The one non-obvious correctness invariant we still own:

  • Token-usage extraction must not silently report zero. A successful (HTTP 200) call whose usage we can't parse is a real proxy gap, not a 0-token call. usage.py raises UsageExtractionError with a diagnostic naming exactly which keys it searched and which were present; Recorder attaches that to CallRecord.error and uses a <parse-failed> sentinel for the model name so the failure surfaces in result summaries.
  • Late records must not be dropped. A blocking upstream request can finish after the session's track() scope exits. SessionManager.add_record looks up both active and ended sessions so the late record lands in the archive instead of being lost.
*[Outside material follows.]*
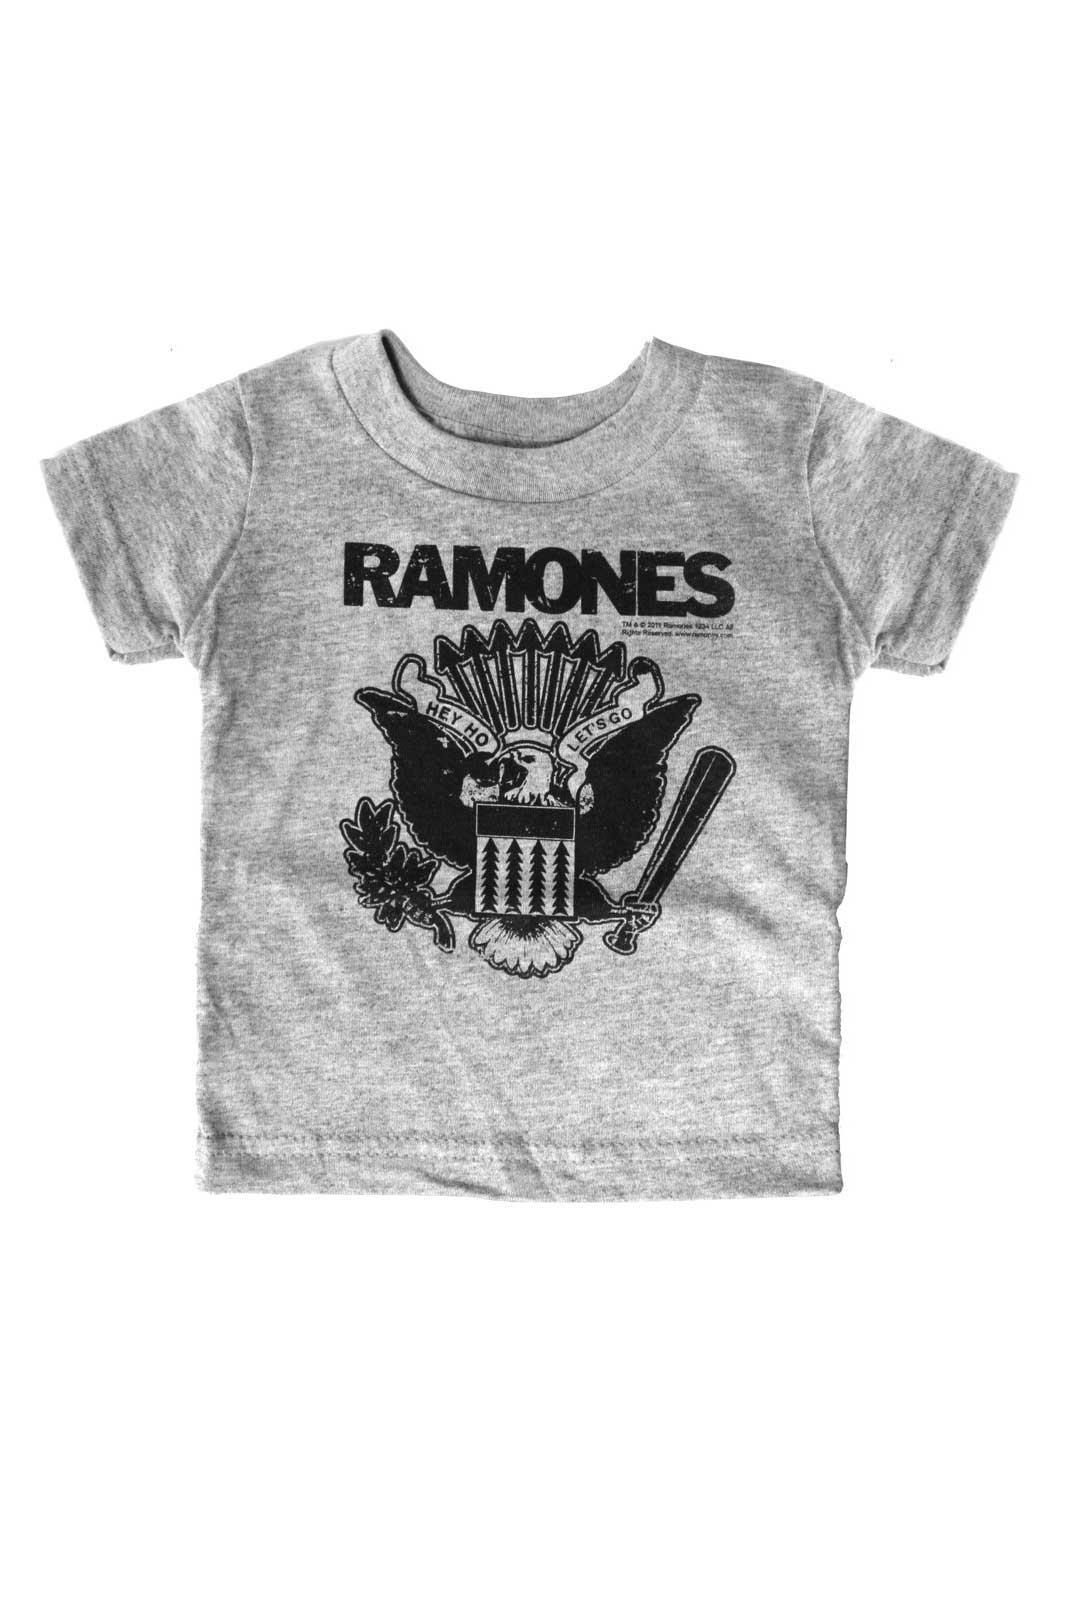 Ramones Hey Ho Kids Tee

(The previous CONNECT-prelude-buffering and strict-Content-Length invariants are now mitmproxy's problem, not ours.)

Open questions

  1. CA certificate compatibility: do any Python LLM SDKs override SSL_CERT_FILE or pin certificates? Need to test against openai, anthropic, google-generativeai, boto3.

  2. Agents that bypass HTTPS_PROXY: some SDK versions may hardcode direct connections. Mitigation: maintain a compatibility matrix per SDK version.

  3. Real-time streaming forwarding: SSE / Transfer-Encoding: chunked responses are parsed correctly today (the SSE token-extractor handles Anthropic's split message_start / message_delta usage events and Gemini's usageMetadata), but the proxy currently buffers the full upstream response before sending it back to the client — so the client doesn't see chunks land in real time. For evaluation workflows this is fine (you read the final result anyway). For interactive use you'd want chunk-by-chunk forwarding while still accumulating SSE frames for token extraction.